The Trump Administration last year vowed to impose a 100 percent tariff on $2.4 billion worth of French products, but so far that hasn’t happened.

Recently, France started notifying tech giants including Google, Apple, Facebook, and Amazon that it will start imposing a 3 percent digital services tax in 2021. Specifically, officials have told these companies that they need to pay the tax owed on their 2020 revenue, a prospect that will no doubt come as a shock.

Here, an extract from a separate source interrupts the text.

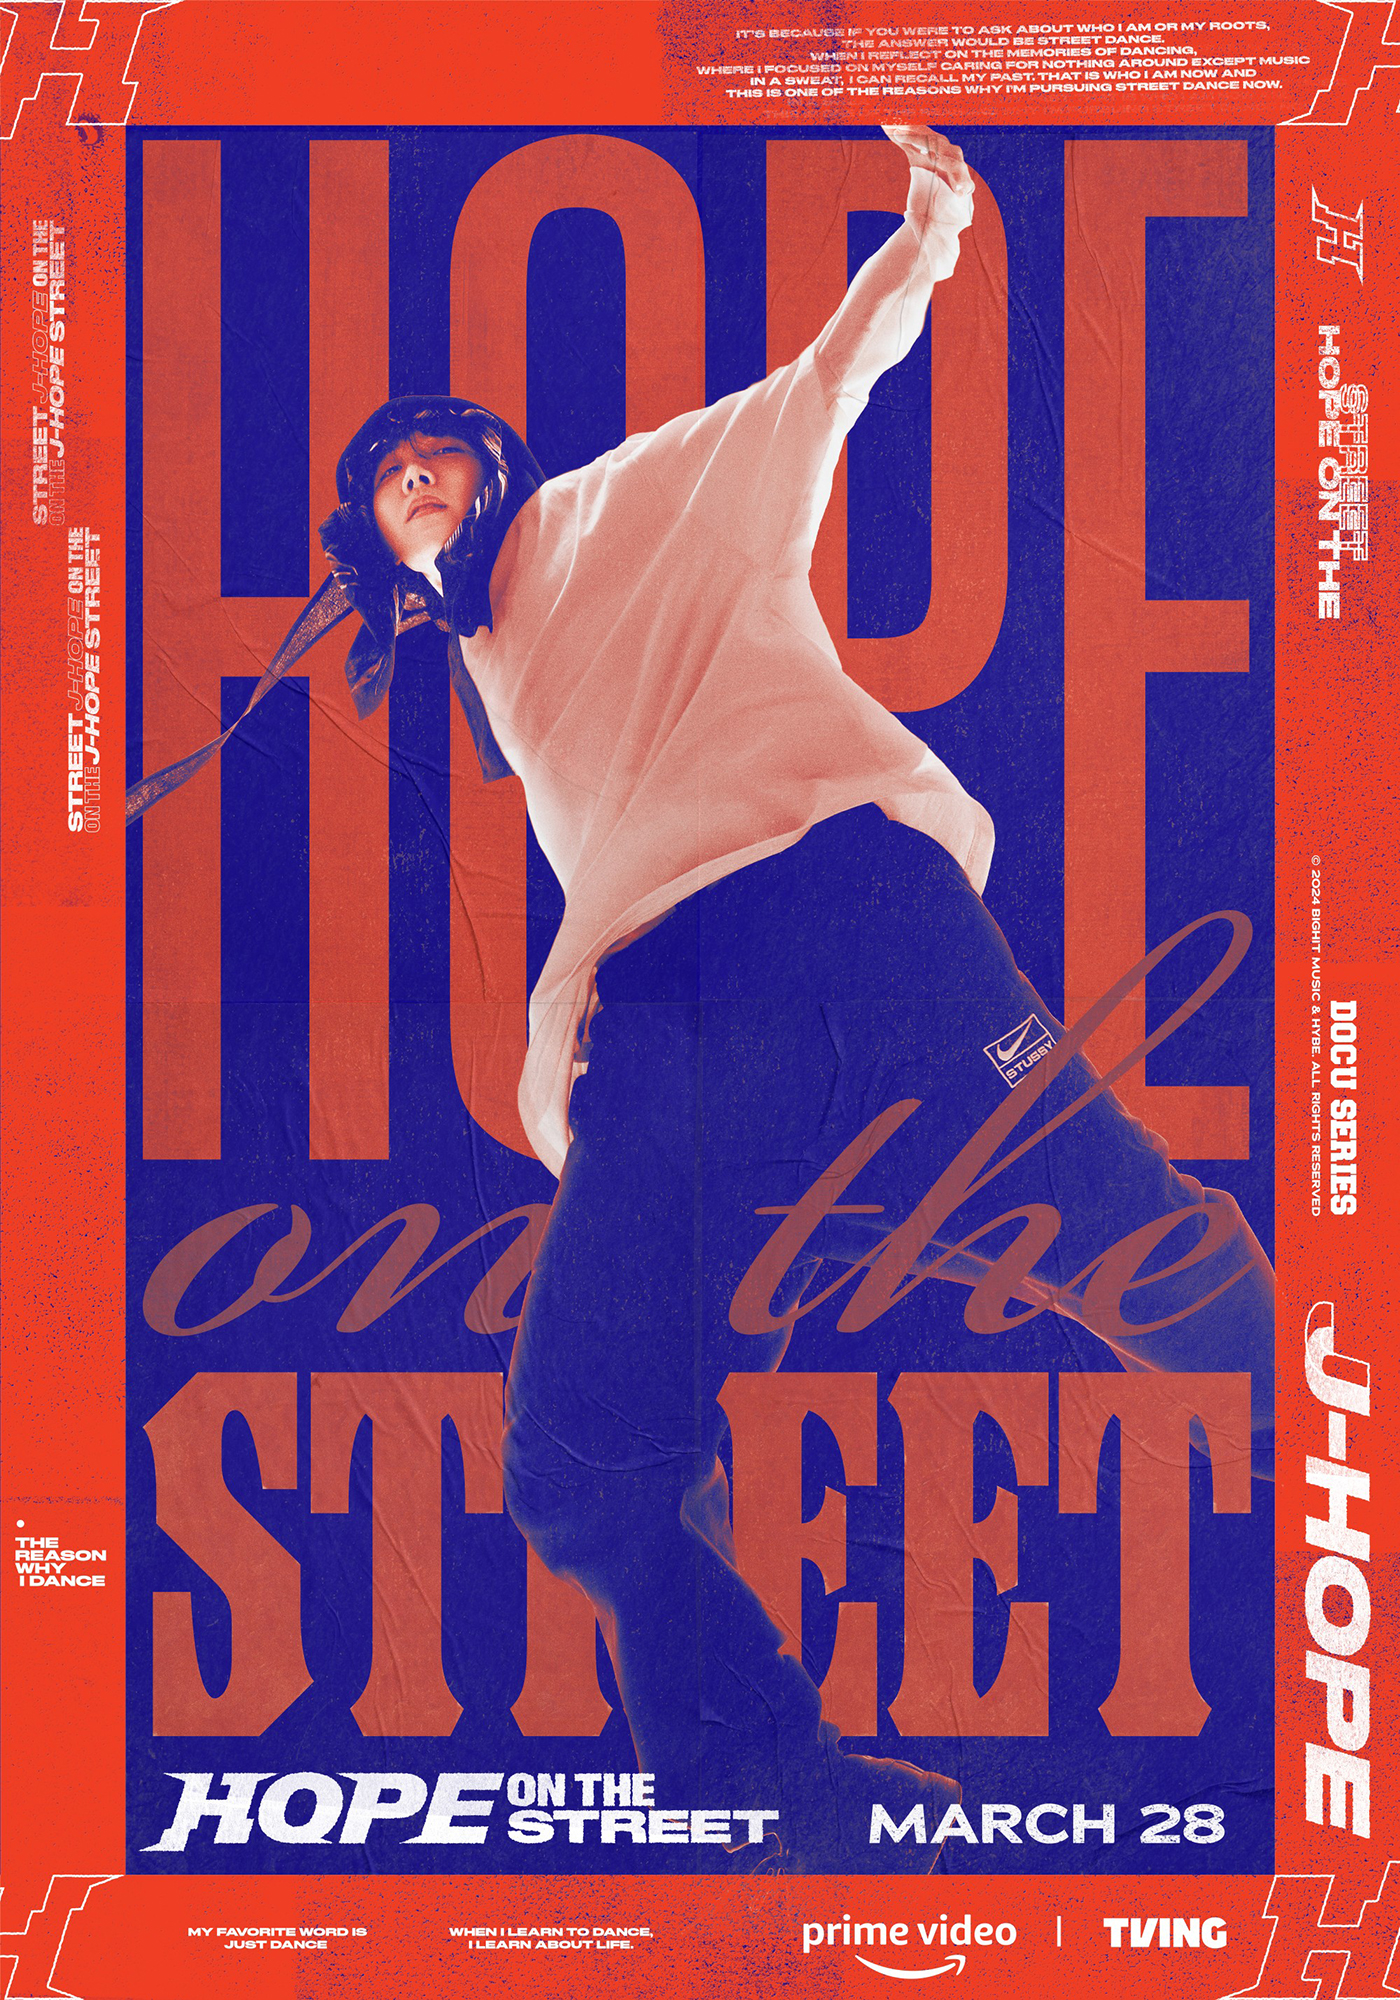 BTS J-HOPEドキュメンタリーシリーズ『HOPE ON THE STREET』のメインポスター公開 - 画像一覧（1/1）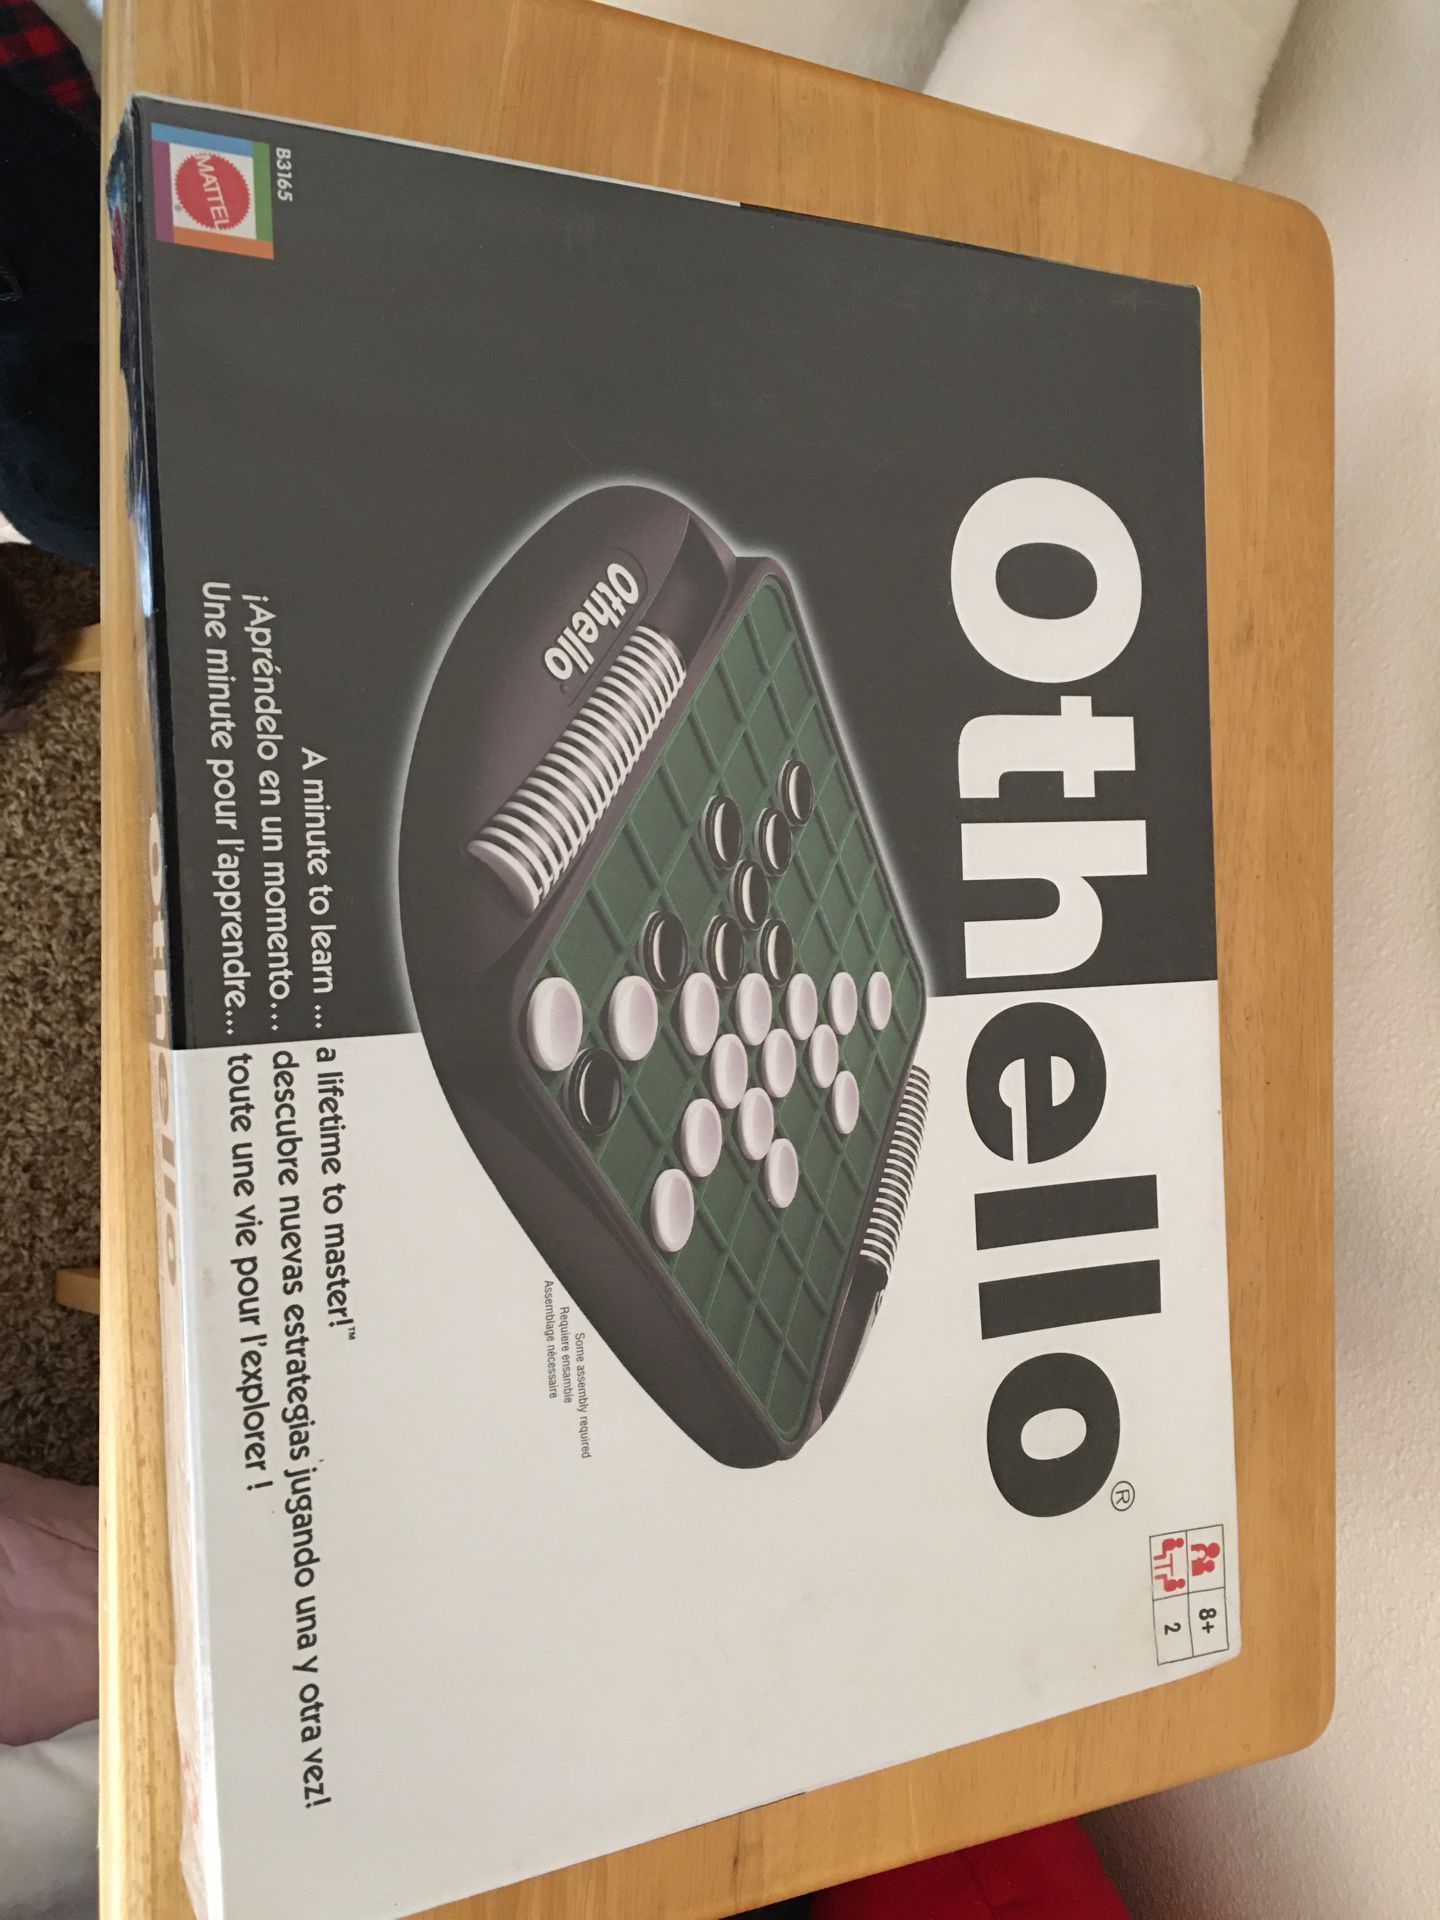 New Board Game “Othello”

Back in January, the French government agreed to suspend the collection of the new tax to allow the OECD ample time to get a preliminary draft for the new international tax legislation. The US, however, withdrew from OECD talks in June, which might have sent the wrong message in the middle of a pandemic that has put enormous stress on the world’s economies.

This has coincided with stock upswings for Big Tech that have resulted in record valuations and tech billionaires getting significantly richer. A spokesperson for France’s Finance Ministry noted the country is still looking forward to “an international solution so that digital companies pay their fair share of tax just like other companies,” but that it doesn’t see how it could materialize in the near future.

The spokesperson told the Financial Times that “we can’t wait any longer and tech companies are the big winners from the pandemic. Their turnover is booming and they did not pay fair taxes even before the pandemic.”